Why do some television networks sell advertising to their competitors? Isn’t this a little like placing Pepsi ads on cans of Coke? If channel A airs commercials promoting channel B or video-on-demand service C, and those ads are effective, then doesn’t the audience for channel A decrease along with the value of their advertising time slots?

Can you give us some real life examples? A lot of channels are owned by the same parent company (like Viacom) so they’re really cross promoting stuff for the same owners.

A good example is Comcast airing ads for Direct TV. I think those ads come from the networks like ABC, NBC, CBS, etc. and Comcast is just contractually obligated to air them. This isn’t my area of expertise though.

As for other examples, you have cases like A&E Networks which owns A&E, History, Lifetime, and several other channels, so advertising their shows on different channels is still advertising for their own business.

Comcast doesn’t sell ads. Their content providers do. In theory, FCC rules, net neutrality etc. mean the carrier can’t limit the content.

But wait till next week…

A few examples that come to mind immediately are HBO ads I’ve seen on TV and heard on the radio. Hulu advertises on the Big 4 but it is a joint venture that includes some of them.

I guess the point is that eyeballs are eyeballs, and if they leave your domain for another, even if it’s a business partner, that reduces viewership for the particular channel and ultimately reduces the time slot value.

Comcast does, in fact, sell ad space, though what they’re usually doing is selling ad space to local advertisers (i.e., local car dealers, local restaurants, etc.) If you’re watching cable TV, and watching a “cable-only” network (e.g., ESPN, CNN, etc.), and you see an ad for a local business, that ad was undoubtedly placed there by your cable provider.

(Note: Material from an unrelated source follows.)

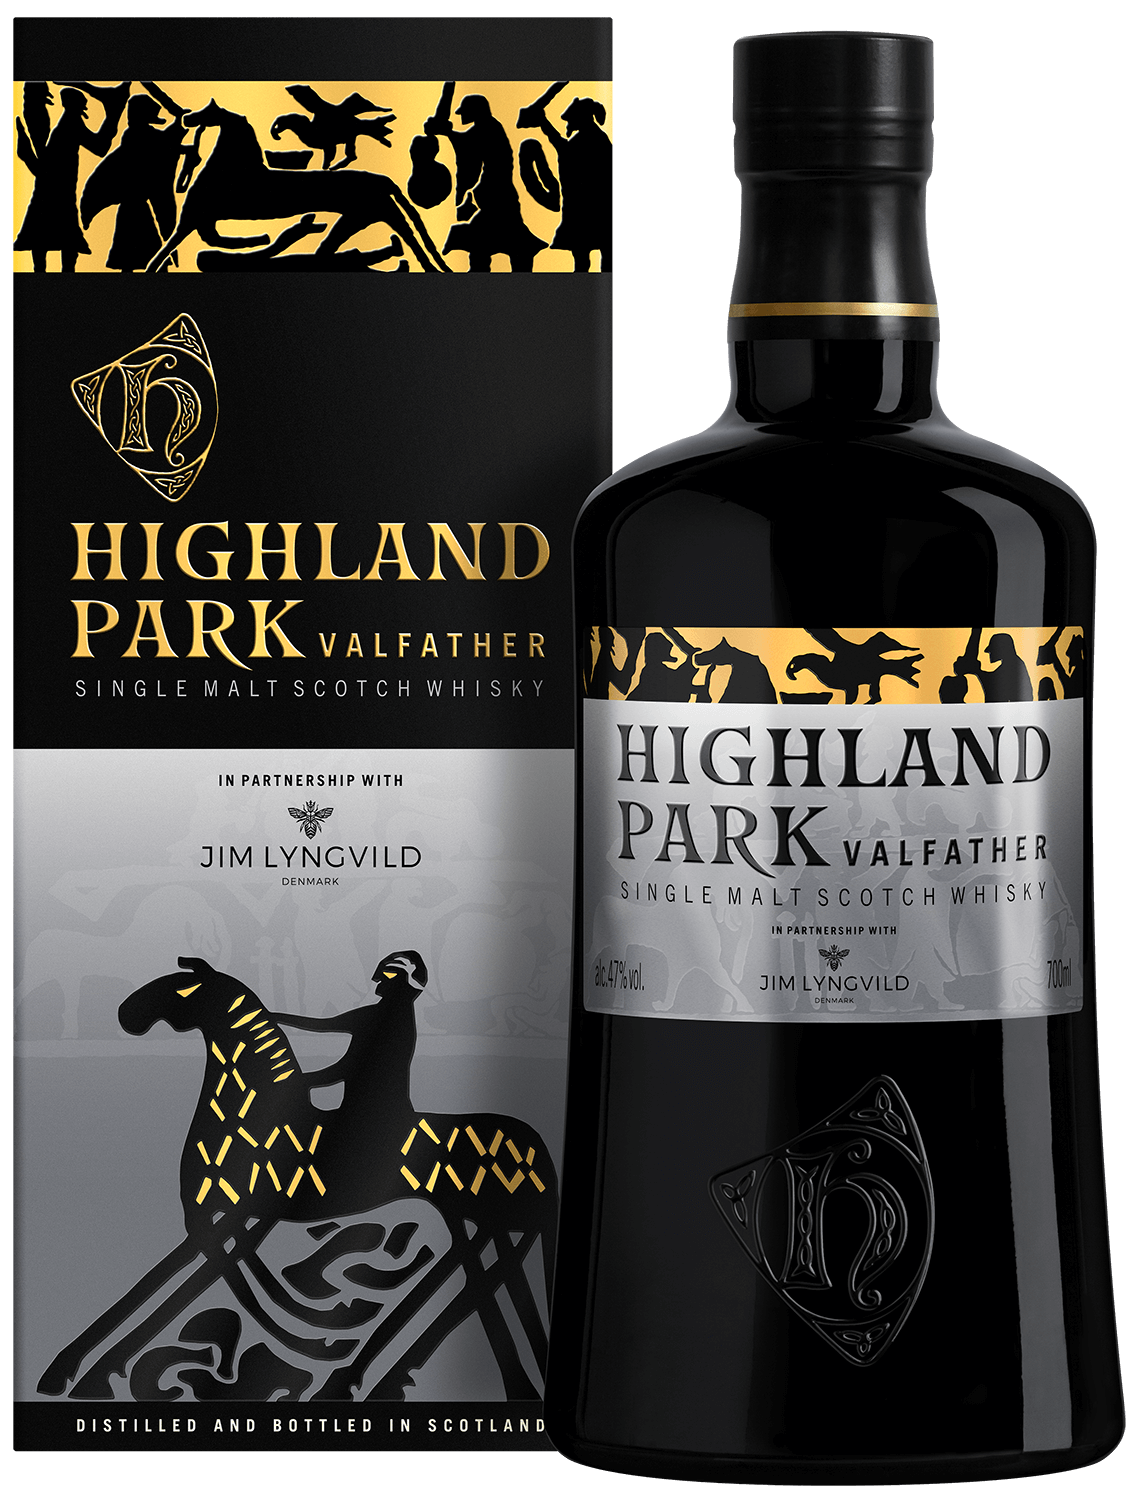 Highland Park Valfather single malt scotch whisky (gift box)

What they do is pre-empt whatever ad is running on that cable channel, and run the local ad, instead.

If you’re seeing a DirecTV ad while watching cable TV on Comcast, you are almost undoubtedly seeing an ad that DirecTV placed on a broadcast or cable channel, not an ad that DirecTV directly bought the ad space for from Comcast.

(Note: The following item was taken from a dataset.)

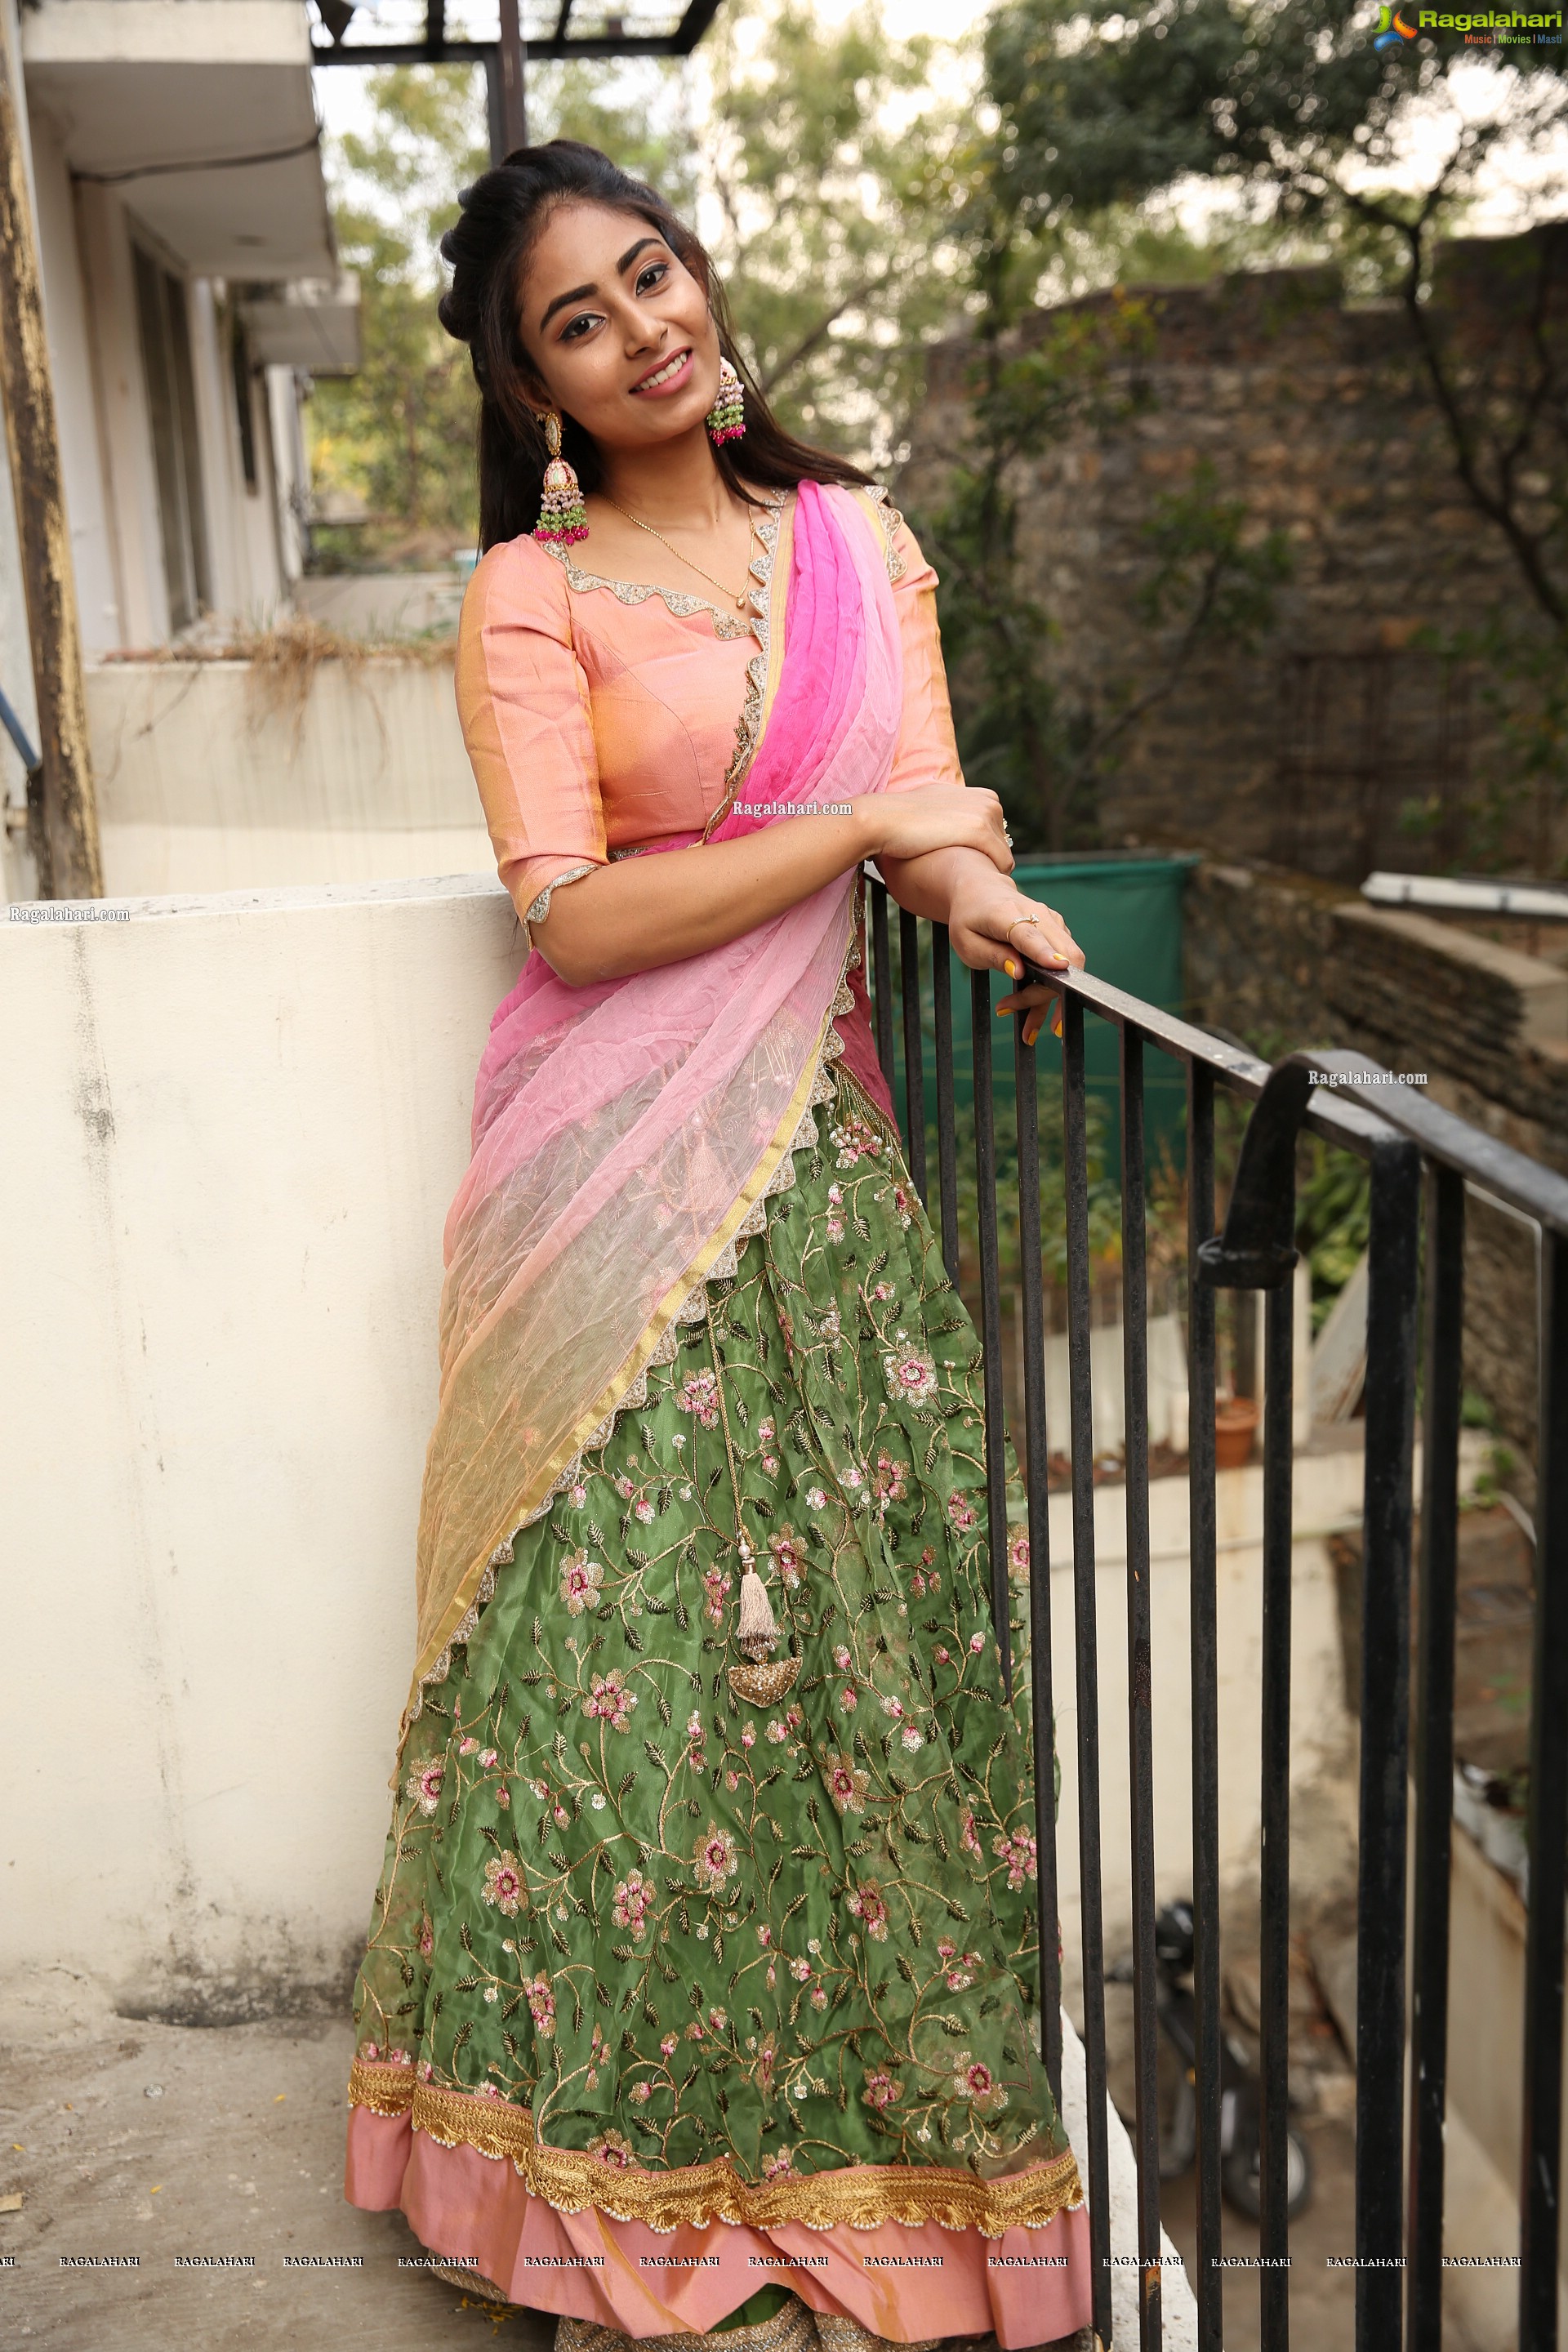 Honey Chowdary in Pink and Green Lehenga Choli, HD Photo Gallery

In the past, you’d never see, for example, an ABC ad running on NBC. But, now, as things blur, we are seeing some things like HBO ads running on broadcast channels.

This reminds me of an increasingly-important phenomenon about present-day capitalism [pdf paper] that was linked in a recent thread. The largest stockholders of NBC (Comcast) and ABC (Disney) are generally the very same investment groups. To some extent this means these firms have an increased incentive to cooperate and less incentive to compete.

Does the FCC even have any control over cable? I thought FCC was only for terrestrial airwaves?

I think with cable TV, they sell ads locally in the different markets which is how they insert a local car commercial while another part of the country is watching a local home remodeling ad.

The funniest ones are the ones that John Oliver is placing on Fox, during their Fox & Friends hour.

I’m not 100% sure that’s the case, although the local provider may be involved. Some channels sell their own local ad overrides. But…

…this.

The FCC benignly ignores cable except in a few technical areas. However, an anti-net neutrality, pro-provider head as we now have can completely undermine the remnants of fairness and neutrality. And has as much as said he intends to. So when your Comcast connection blocks streaming sites and chooses your search provider for you, don’t say you weren’t warned.

At some point Nickelodeon allowed both Disney Channel and Cartoon Network to air ads on their own channel which was mind-blowing to me and my friends when we were kids as we thought they were all mortal enemies (since they’re all owned by different groups, Viacom, Disney and Turner Broadcasting respectively) for competing in the crowded pre-teen market.

Disney especially since they always seem to be more more high-brow than the much more juvenile Nick.